R语言 Clonality包 clonality.analysis()函数中文帮助文档(中英文对照)

loveR · 发表于 2012-2-25 15:10:40

clonality.analysis(Clonality)
clonality.analysis()所属R语言包：Clonality

                                       Clonality testing using copy number data
                                       使用拷贝数数据的克隆试验

                                       译者：生物统计家园网机器人LoveR

描述----------Description----------

Function to test clonality of two tumors from the same patient based on their genomewide copy number profiles.

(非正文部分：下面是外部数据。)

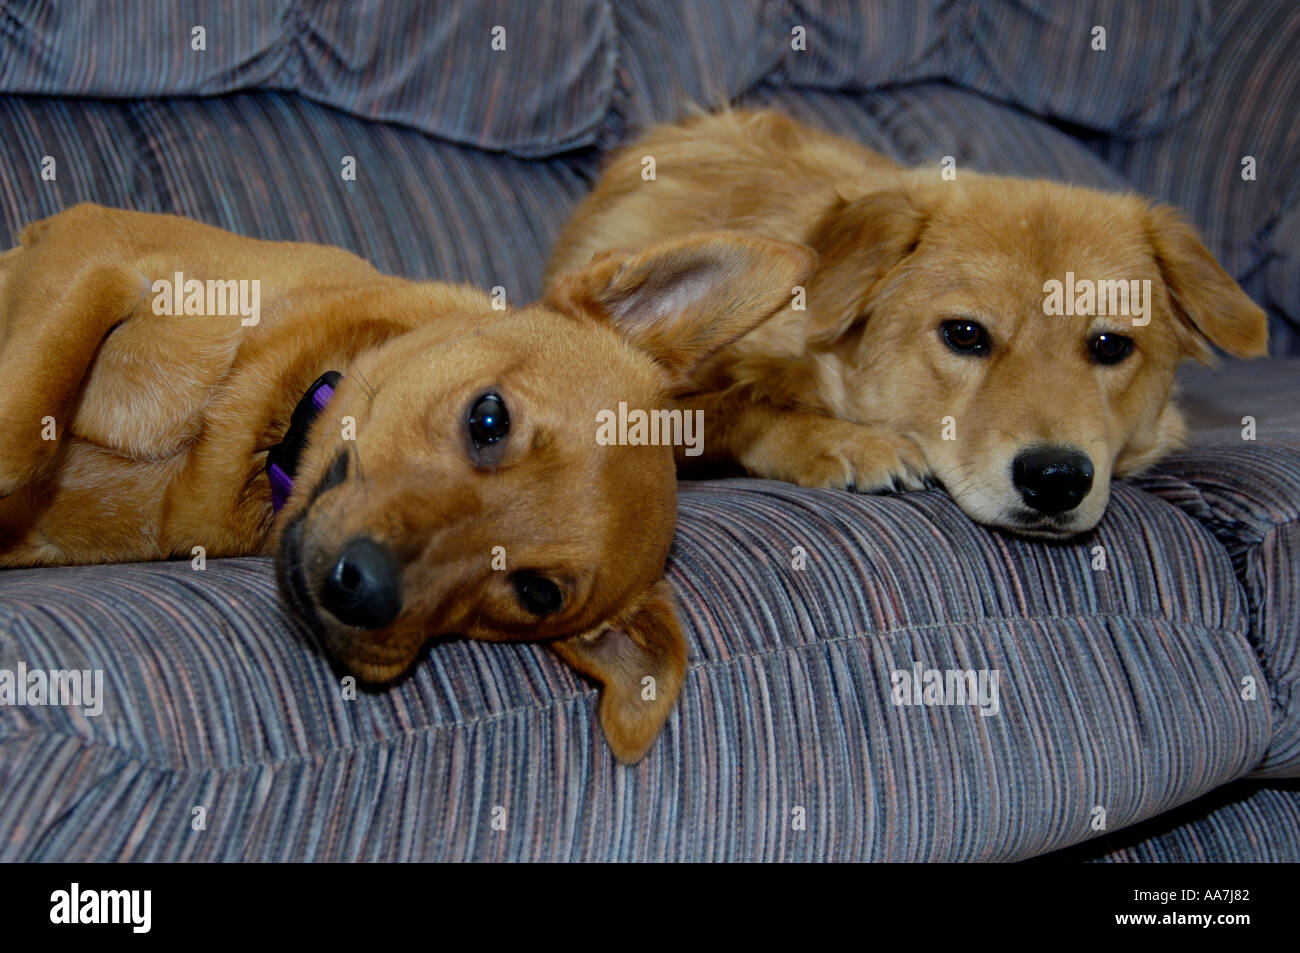 Dogs Playing On Couch Australian Cattle Dog Mix Chester Riley Golden Stock Photo Alamy
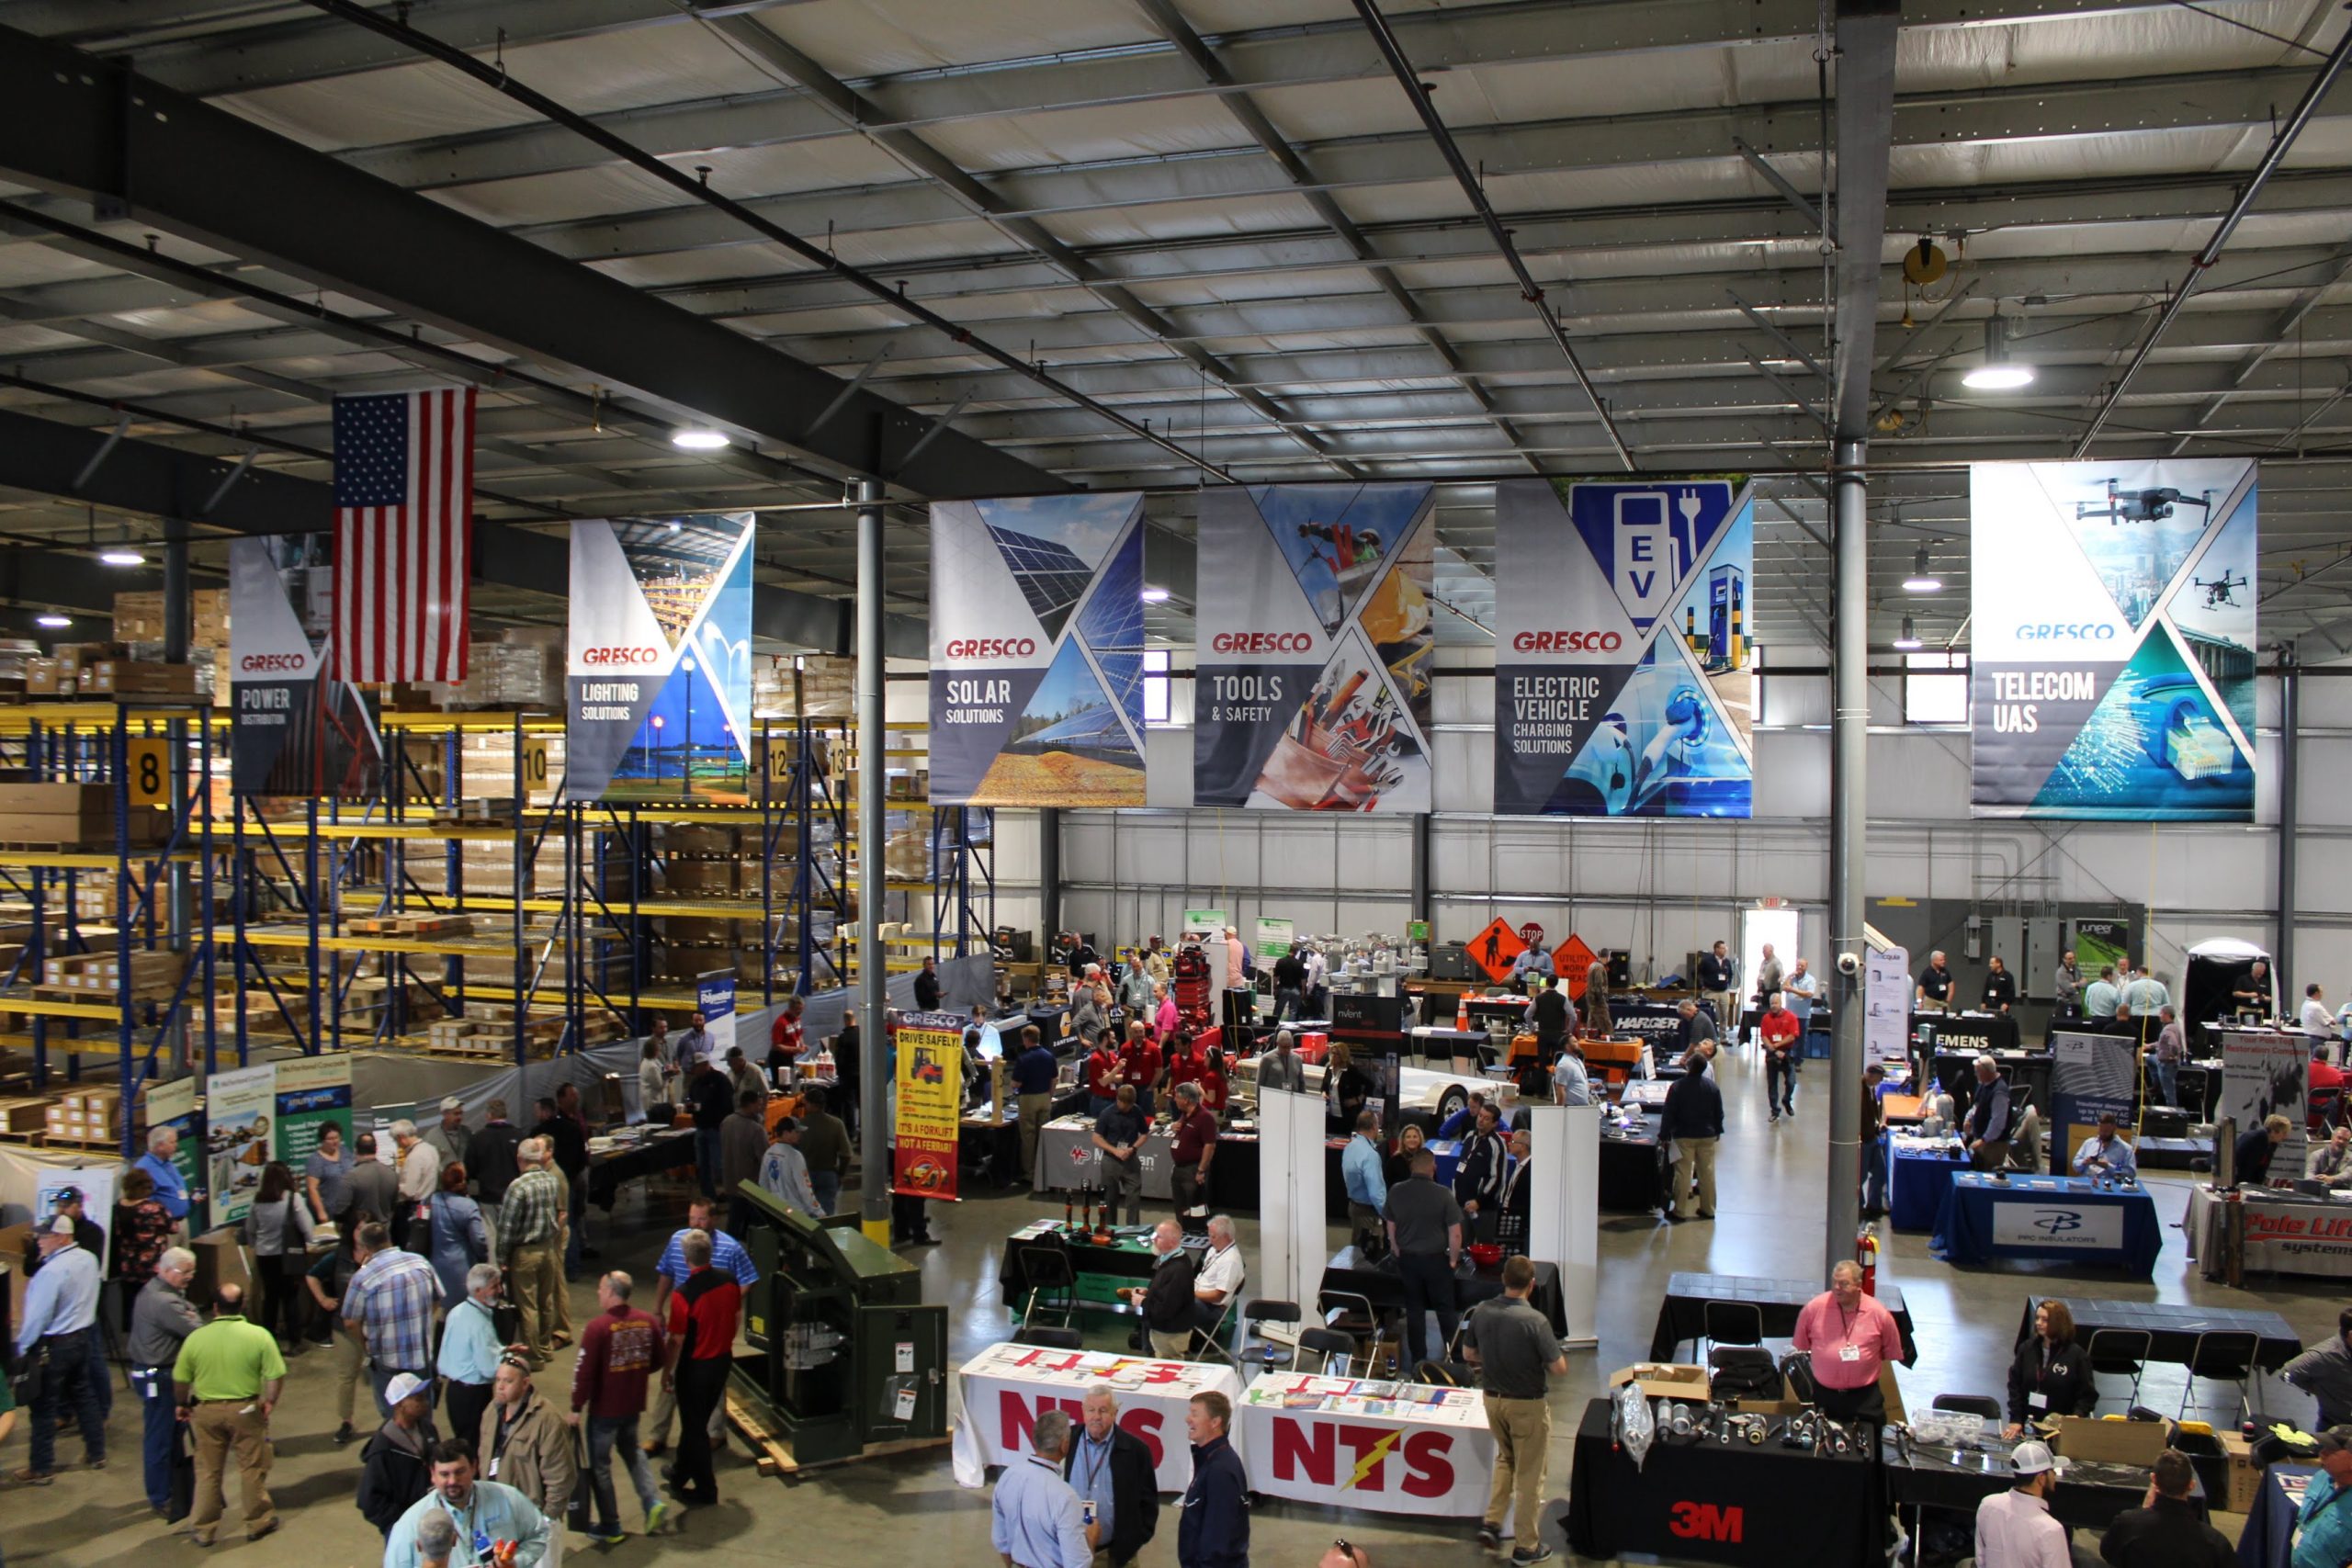 Gresco 19th Annual Expo - vendors, clients, and employees mingle in the Gresco warehouse under Gresco banners.

This function calculates likelihood ratios and the reference distribution  under the hypothesis of independence.
功能测试从同一病人根据其基因组拷贝数型材两个肿瘤克隆。此函数计算似然比和独立的假设下的参考分布。

用法----------Usage----------

clonality.analysis(data, ptlist, pfreq = NULL, refdata = NULL, nmad = 1.25, reference = TRUE, allpairs = TRUE,segmethod="oneseg", segpar=NULL)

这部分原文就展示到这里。